Databricks SQL Analytics 101: A Comprehensive Guide

Today’s applications and devices are generating a lot of big data. This data should be stored for analytics purposes. When analyzed, businesses can extract insights from the data which can be good for decision making. Databricks is a Cloud Platform that provides Data practitioners with a Data Warehousing solution. Users can create Data Lakes for storage of both structured and unstructured data.

Table of Contents

When using Databricks, you will need to extract insights from your data. Databricks SQL Analytics makes this easy for you. It provides Databricks users with a user interface that they can use to perform SQL and BI workloads on their data lakes. This gives them an opportunity to learn more about their data and take the necessary action.
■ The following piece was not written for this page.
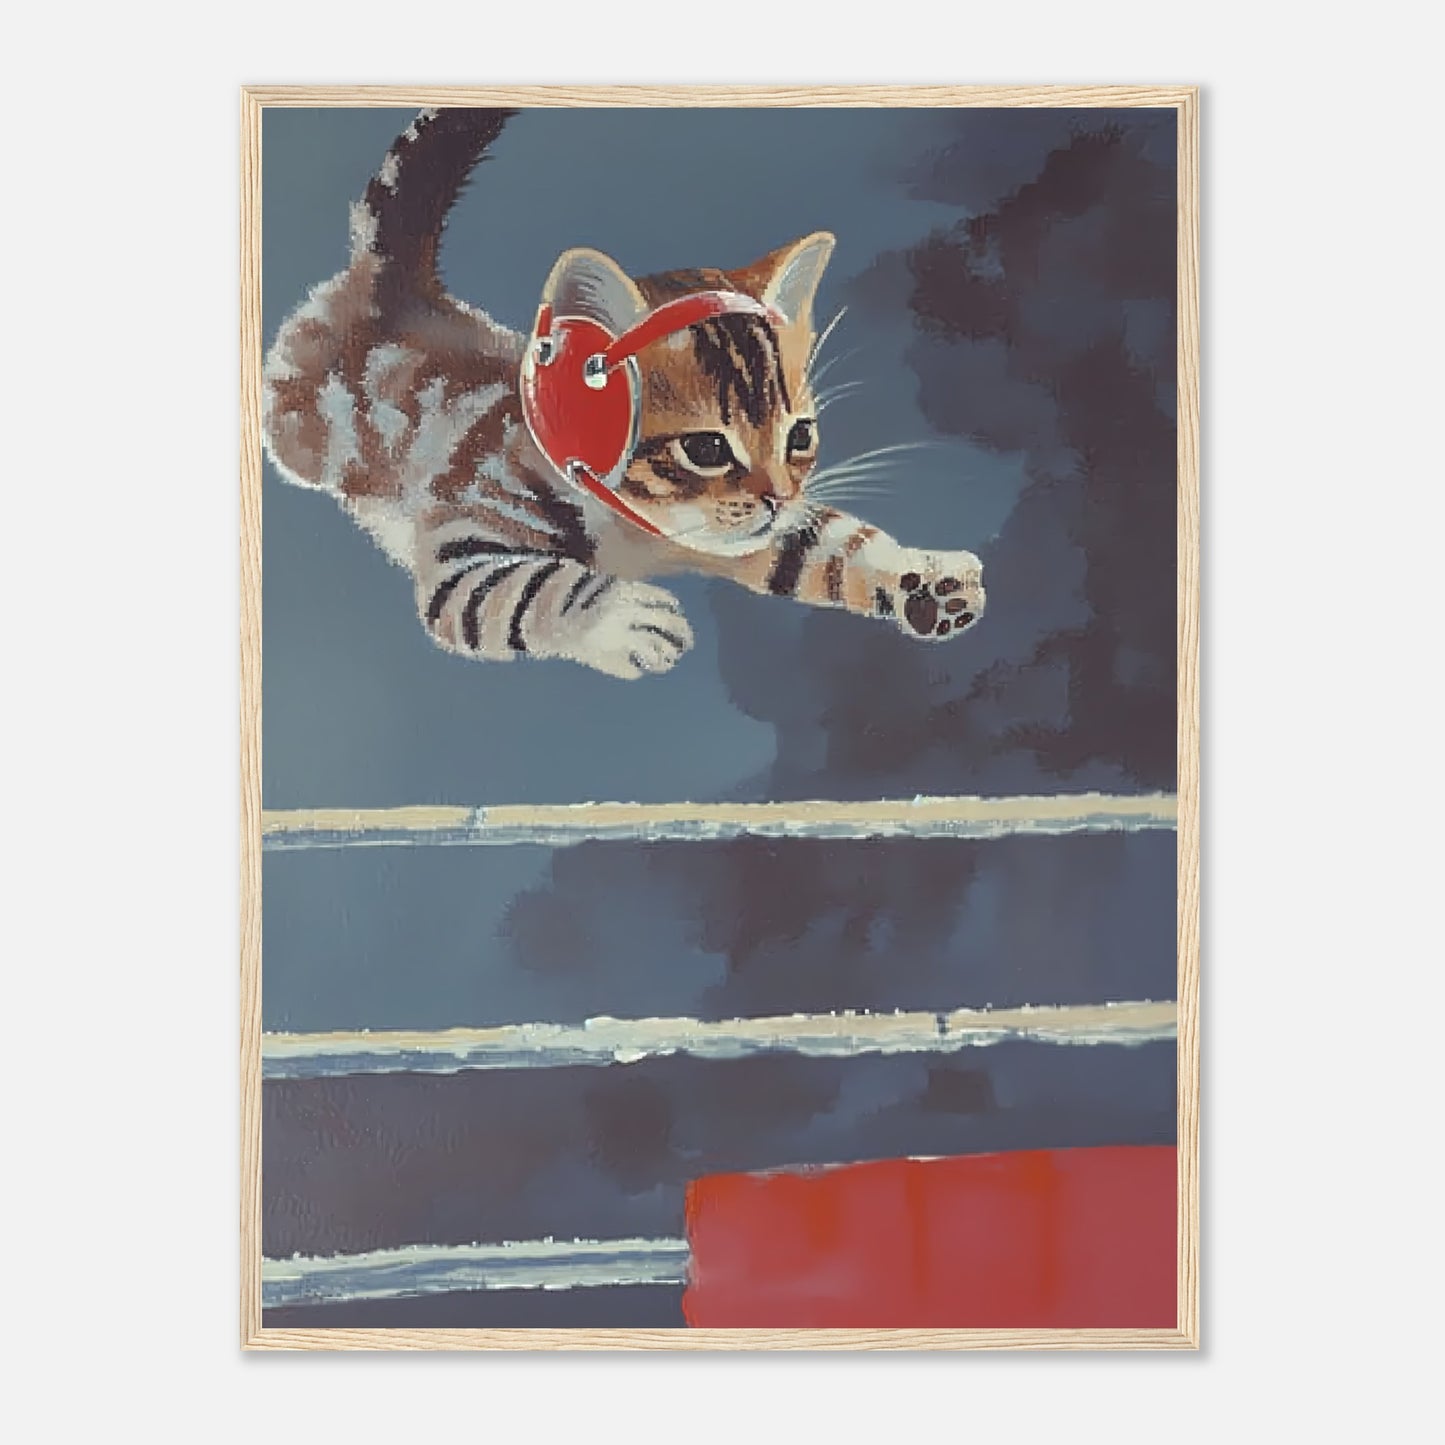 A painting of a cat with headphones leaping in the air against a blue background.

In this article, we will be discussing Databricks SQL Analytics in detail.

What is Databricks SQL Analytics?

Databricks SQL Analytics is a Databricks feature that offers its users a simple interface to perform SQL and BI workloads on a Data Lake. This Lakehouse Architecture is 9x better in terms of pricing and performance compared to the traditional cloud data warehouses.
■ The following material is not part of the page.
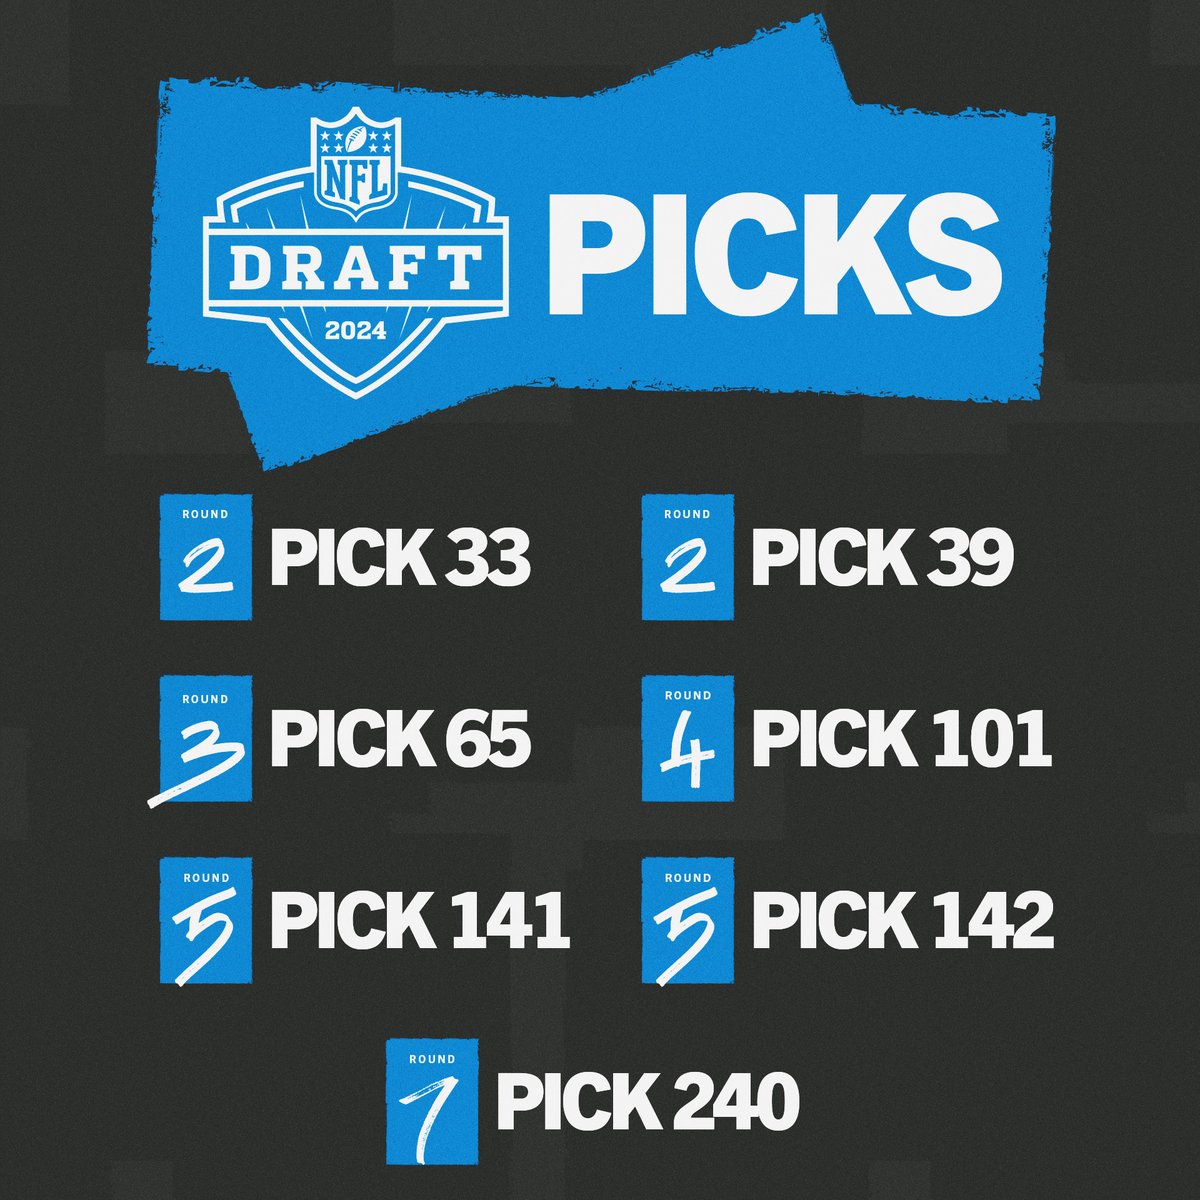 The lineup. #NFLDraft

It provides a SQL-native workspace where users can run performance-optimized SQL queries.

Databricks SQL analytics also enables users to create advanced visualizations, dashboards, and alerts. It also comes with connectors to BI tools such as Tableau and Power BI to allow for greater collaboration and maximum performance.

Prerequisites

An active Databricks Account.
Knowledge of SQL.

Critical aspects of Databricks SQL Analytics

You can access Databricks SQL Analytics from your Databricks workspace. You simply have to switch to the SQL Analytics Tab located on the bottom left corner of the window.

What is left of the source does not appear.